■ Recorded information
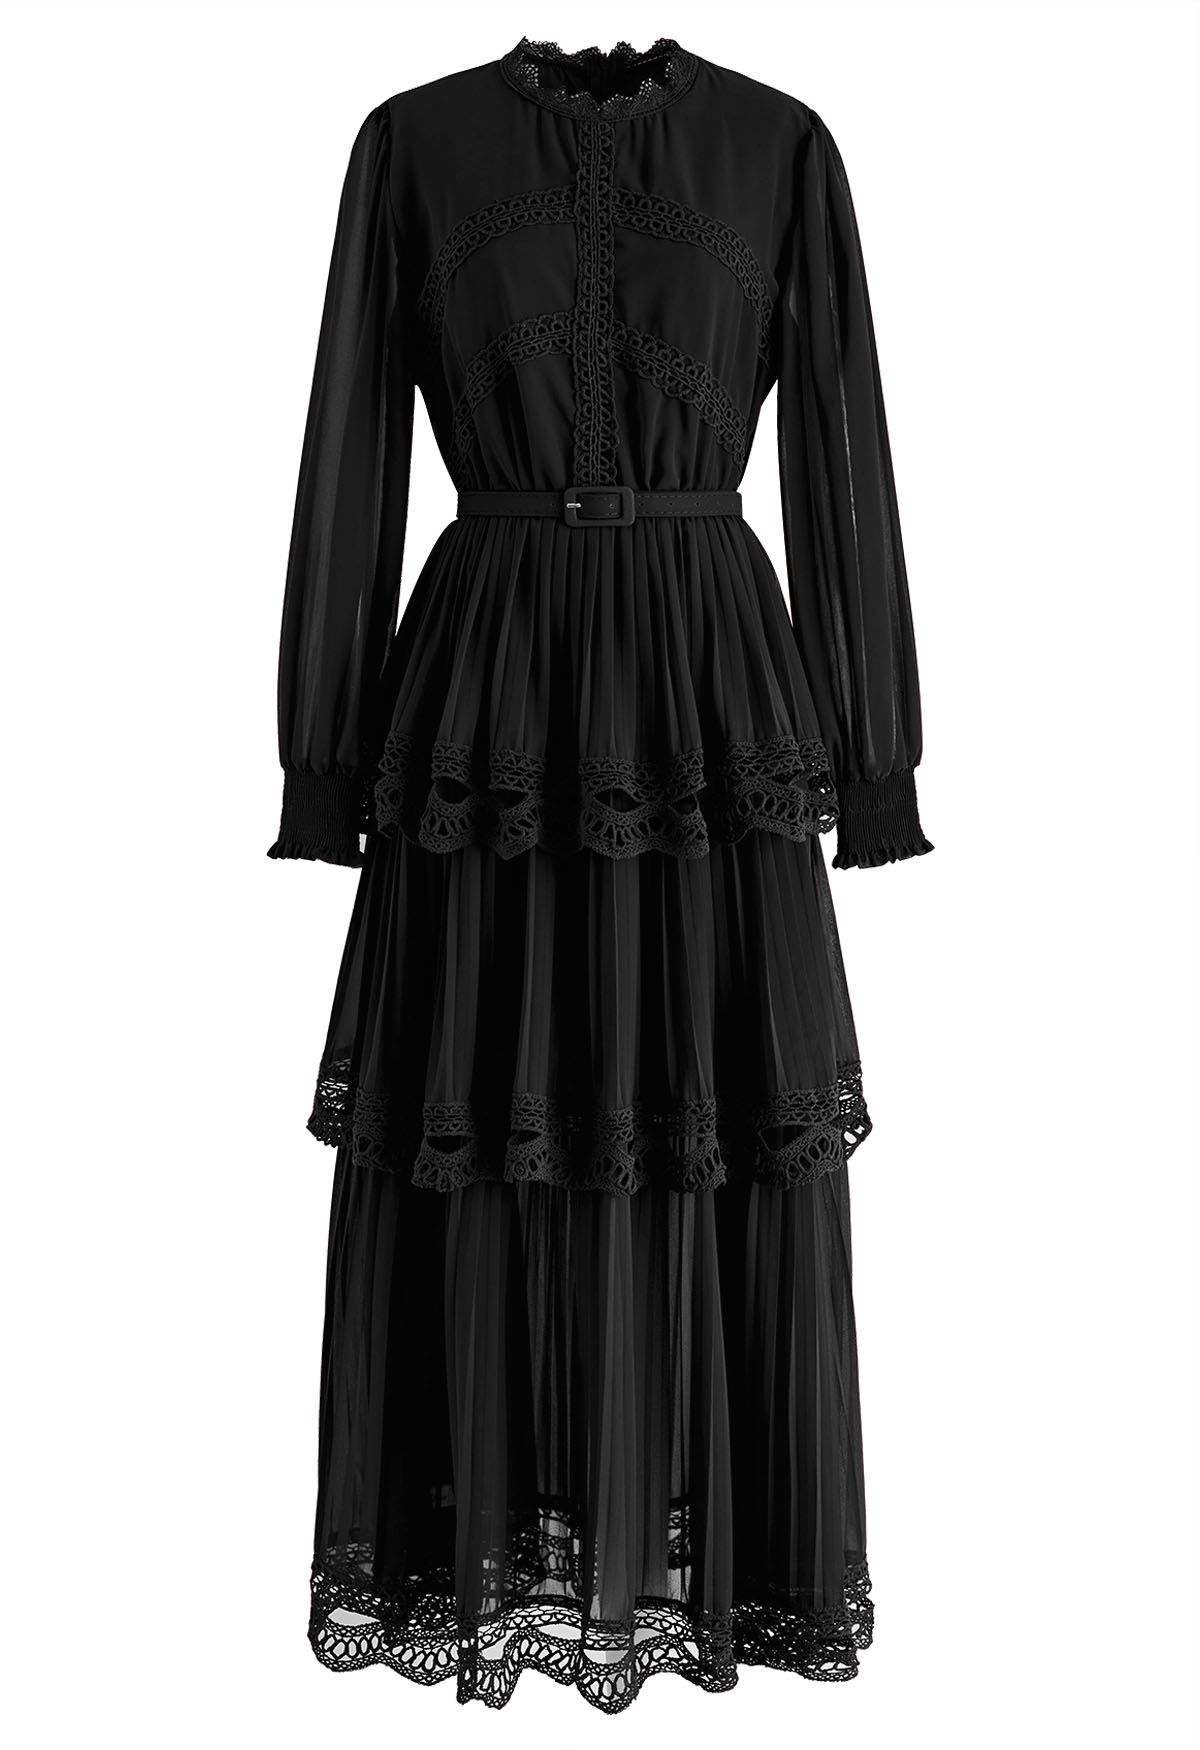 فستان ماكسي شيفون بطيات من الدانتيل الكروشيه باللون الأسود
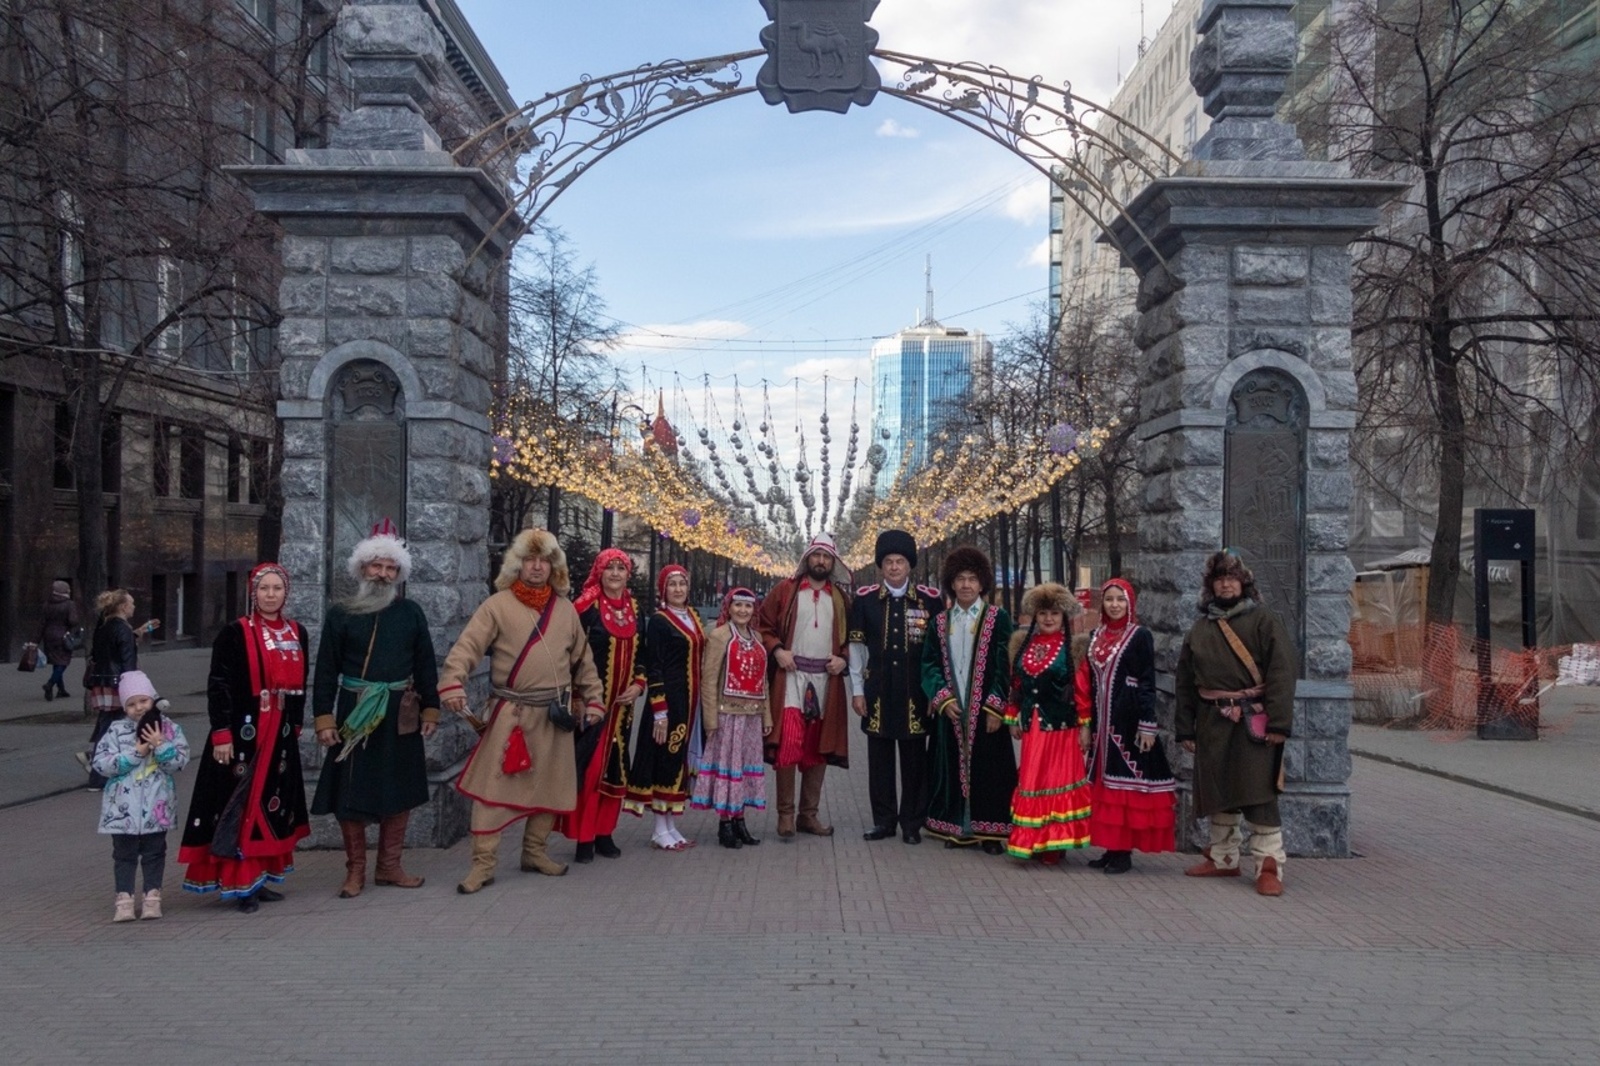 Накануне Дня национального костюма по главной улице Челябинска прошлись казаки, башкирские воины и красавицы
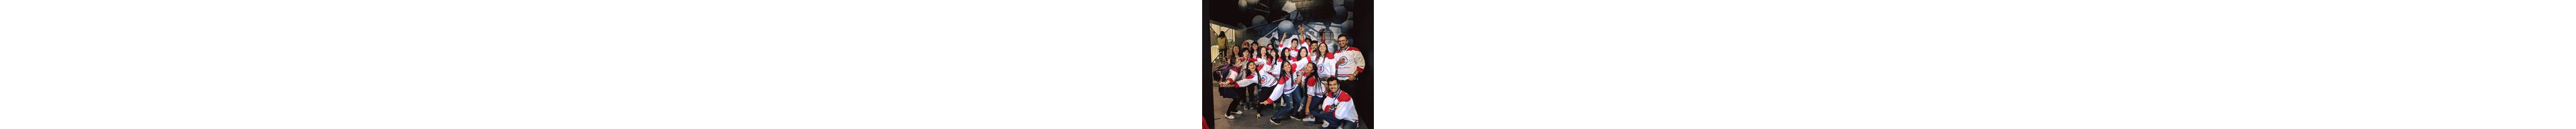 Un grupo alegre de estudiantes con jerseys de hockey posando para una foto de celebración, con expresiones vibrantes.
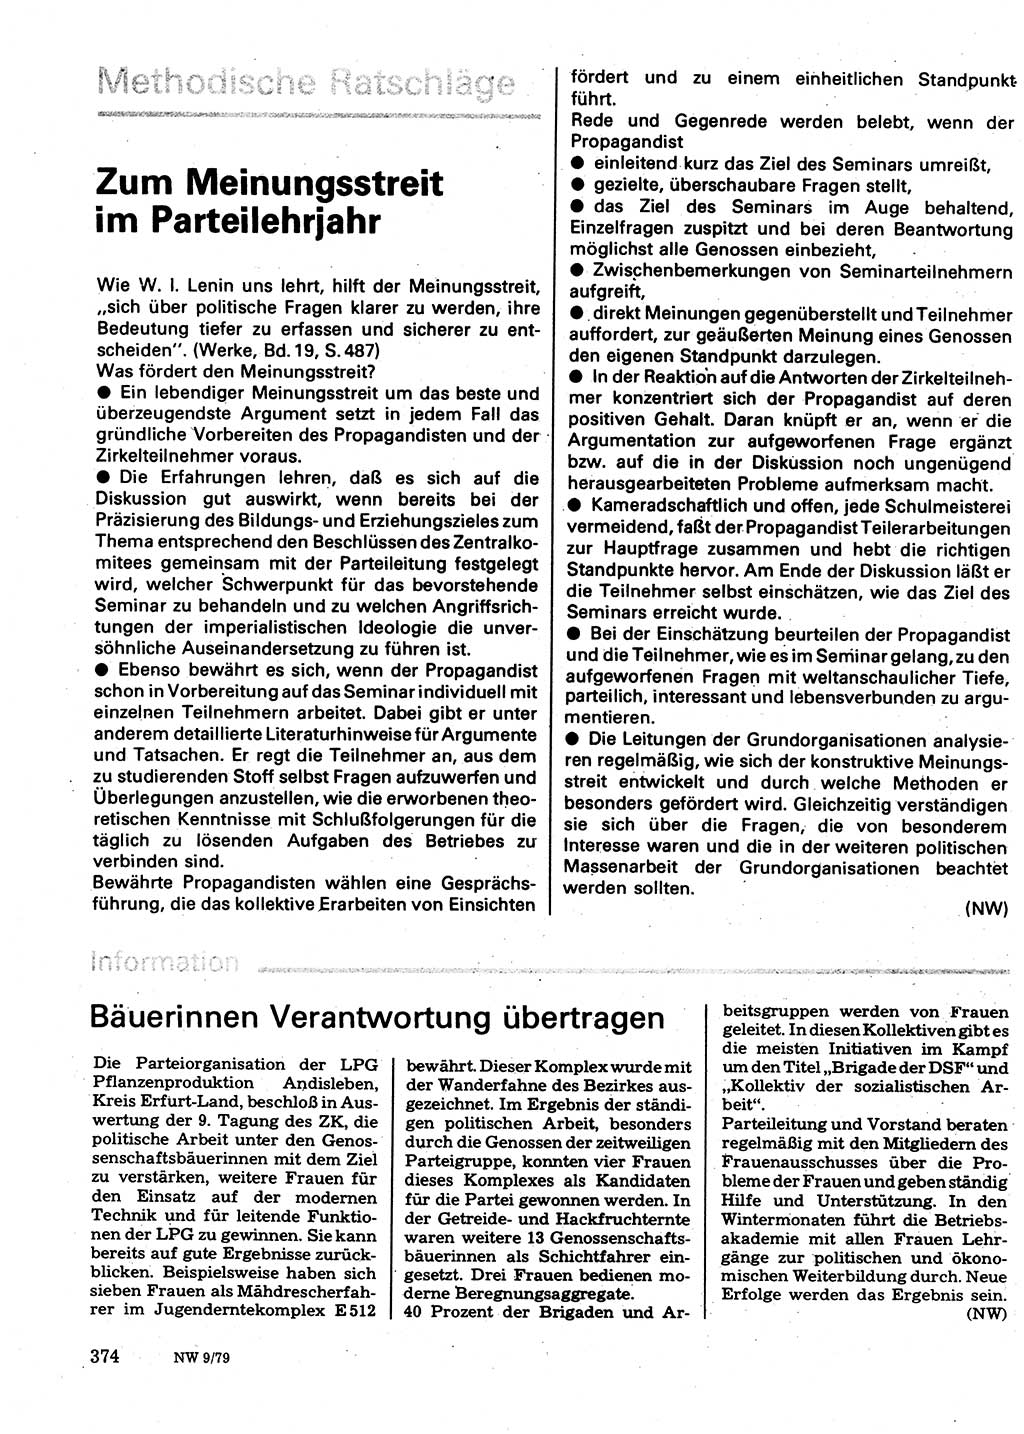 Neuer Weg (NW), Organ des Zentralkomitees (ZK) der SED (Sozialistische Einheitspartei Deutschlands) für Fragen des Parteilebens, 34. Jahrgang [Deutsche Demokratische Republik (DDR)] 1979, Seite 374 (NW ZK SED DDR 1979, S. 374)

■ Your goal
Where an image appears in the data, skip it, and return the rest verbatim.

■ Task output
 فستان ماكسي شيفون بطيات من الدانتيل الكروشيه باللون الأسود
 Накануне Дня национального костюма по главной улице Челябинска прошлись казаки, башкирские воины и красавицы
 Un grupo alegre de estudiantes con jerseys de hockey posando para una foto de celebración, con expresiones vibrantes.
 Neuer Weg (NW), Organ des Zentralkomitees (ZK) der SED (Sozialistische Einheitspartei Deutschlands) für Fragen des Parteilebens, 34. Jahrgang [Deutsche Demokratische Republik (DDR)] 1979, Seite 374 (NW ZK SED DDR 1979, S. 374)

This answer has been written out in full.